Segundo o diretor do IFec RJ, João Gomes, o número de consumidores de produtos piratas nos últimos 12 meses no estado voltou ao patamar pré-pandemia, em 2019 (3,3 milhões), depois de cair para 1,2 milhão de pessoas, no ano passado. Realizada em novembro, a pesquisa ouviu 293 cidadãos fluminenses e apurou que o gasto médio foi de R$ 73,5 por compra, valor menor que o apurado em 2020 (R$ 94,5) e superior ao registrado em 2019 (R$ 62,8).

O consumidor tem consciência de que se trata de um produto pirata, que prejudica a economia, sabe que é crime, mas, mesmo assim, muitos dizem que vão continuar comprando”, disse Gomes em entrevista à Agência Brasil.

De acordo com a pesquisa, 93,6% dos entrevistados sabem que a pirataria é crime e 65,5% entendem que a compra de produtos piratas prejudica a economia do estado do Rio de Janeiro. A sondagem indica que 71,9% não pretendem continuar comprando produtos piratas, embora quase um terço ainda tenda a comprar, o que é um número também elevado. Um dado relevante é que, para 47,6% dos pesquisados, o consumo de produtos falsificados favorece o aumento da violência e da criminalidade.

Cerca de 46,4% dos entrevistados querem mais campanhas educativas sobre os riscos do mercado ilegal para saúde e sobre os prejuízos para a economia. Para 29,2% dos consumidores, campanhas governamentais poderiam colaborar, seguidas por campanhas industriais e do varejo, com 24% e 22,5%, respectivamente.

Ranking

Equipamentos eletrônicos falsificadas são os itens mais consumidos de forma ilegal, com 28,6%, seguidos por roupas, com 18,8%, e calçados, bolsas e tênis (17,1%).
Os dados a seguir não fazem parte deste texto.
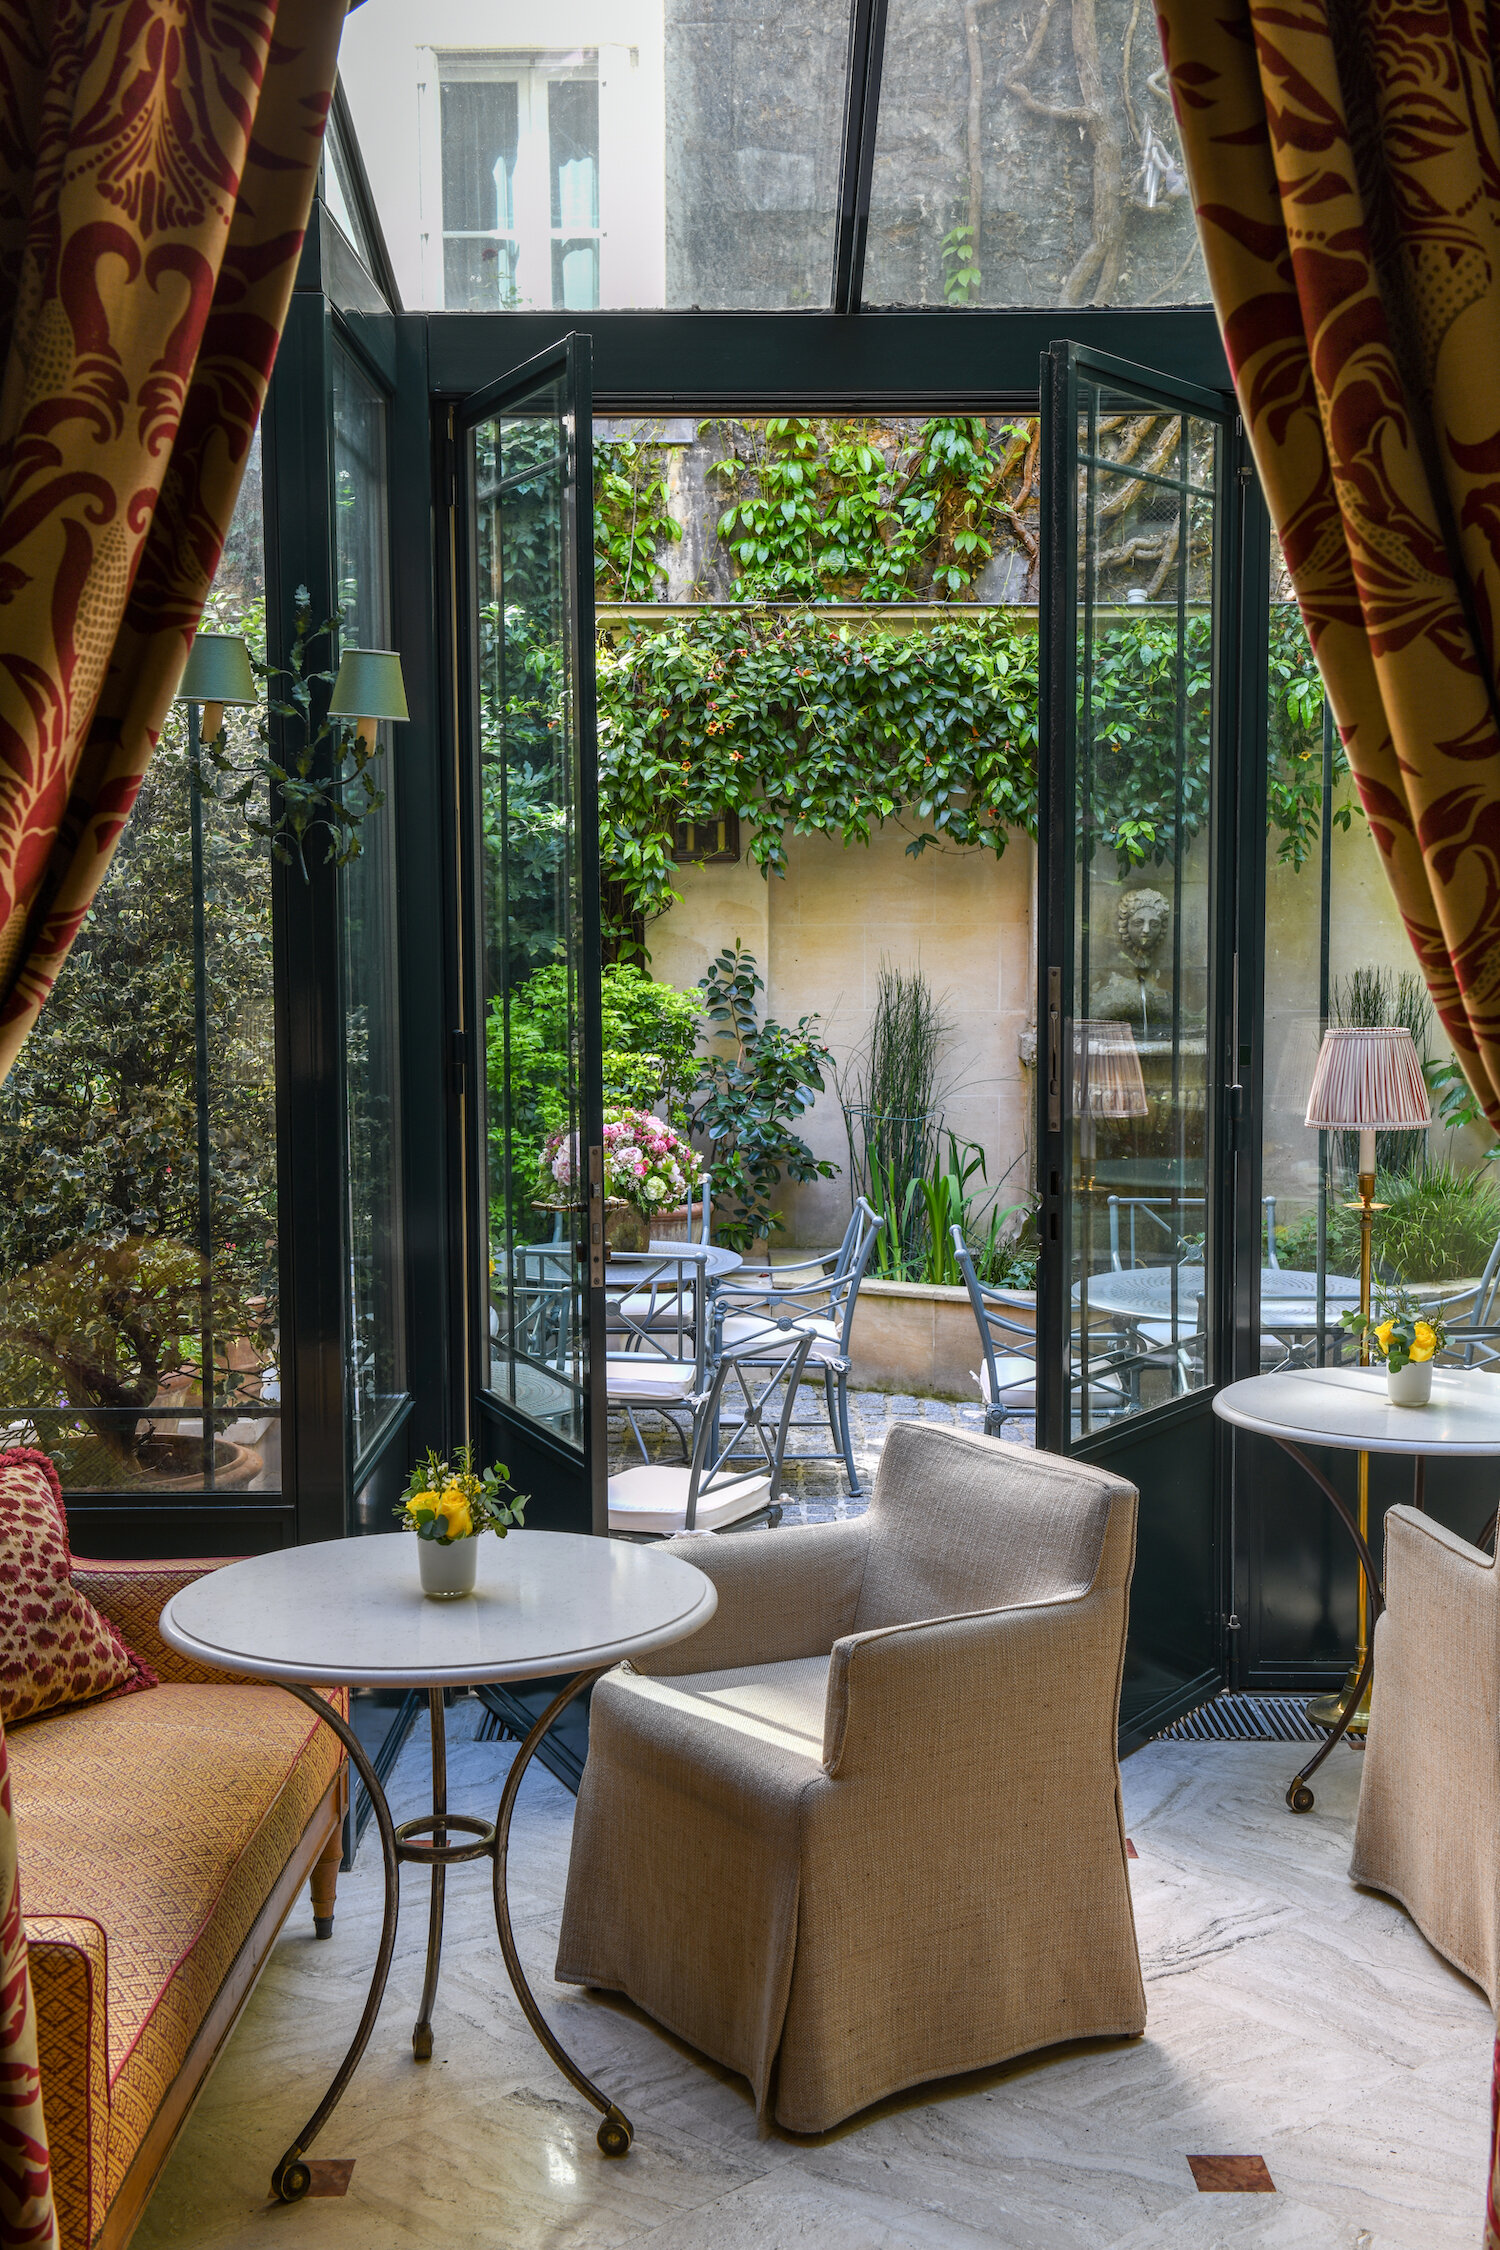 Travelling to Paris with children - Best hotels in the 6th - Hotel de L'Abbaye with garden - L'Île aux Fées review

A chamada pirataria eletrônica ocupa o quarto e o quinto lugares da lista, por meio do download (transferência de dados) pela internet de filmes (16,3%) e programas de computador (15,9%), respectivamente. Na sequência, aparecem óculos (15,1%), download de músicas da internet (10,6%), brinquedos (9,4%), relógios (9%), TV por assinatura (8,6%), perfumes (7,8%), artigos esportivos (4,1%) e cigarros (2,4%).

O preço baixo é a principal razão apontada por 75,9% dos consumidores para a compra de produtos piratas nos últimos 12 meses. Os entrevistados apontaram também a facilidade para encontrar os produtos (15,9%); o fato de alguns serem “descartáveis” e, por isso, não importa tanto a qualidade (11,8%); o fato de o artigo falsificado estar disponível antes do original (10,2%); e a questão do status (4,1%).

João Gomes alertou, contudo, que dependendo do produto, pode haver consequências indiretas para o consumidor, inclusive afetando a saúde. Calçados, por exemplo, podem provocar problemas na coluna, mais tarde; um dispositivo eletrônico ou um download pirata podem prejudicar o computador; brinquedos podem conter tinta ou produtos prejudiciais para crianças quando levados à boca. São questões que precisam ser observadas porque muitos produtos ilegais podem afetar a saúde do consumidor diretamente ou de alguém próximo, acrescentou.

Entre as pessoas que afirmaram ter consumido produtos piratas nos últimos 12 meses, 65,3% disseram já ter se arrependido da compra. A baixa qualidade lidera a lista das reclamações, com 86,2%. Já para 27,6%, a falta de garantia foi o principal motivo de desapontamento. Outras causas apontadas foram experiências negativas, como a impossibilidade de troca (13,2%), descobrir que o produto era roubado (4,6%) e problemas de saúde desencadeados pelo uso do produto (1,3%).

Para 59,6% dos entrevistados, os produtos originais são mais caros por causa dos impostos elevados. Entre as soluções para combater a pirataria, foram citadas redução da carga tributária (79%), melhoria da educação (52,8%), conscientização da população sobre os prejuízos causados pelo consumo desses produtos (46,8%), emprego (43,8%), aprovação de leis mais duras e penas mais longas (22,5%) e aumento da integração entre Polícia Federal e estadual (12,7%).

João Gomes destacou que os artigos piratas, que não são taxados na produção, importação ou comercialização, acabam prejudicando a arrecadação e promovendo concorrência desleal ao comércio formal, contribuindo ainda para o desemprego e o aumento da criminalidade.

E-commerce

Outra preocupação é a expansão das vendas online, no cenário da pandemia de covid-19. Para 69,3% dos entrevistados, o crescimento das compras no mundo virtual poderia aumentar a venda de produtos piratas, revelando aumento de 7 pontos percentuais em comparação ao ano passado; 43,1% confirmaram que teriam comprado pela internet um produto pirata pensando ser original, crescimento de 13 pontos percentuais em relação a 2020. A pesquisa confirmou, porém, que os consumidores estão atentos porque 91,8% disseram se certificar se o site é seguro para evitar problemas com produtos falsificados ou roubados.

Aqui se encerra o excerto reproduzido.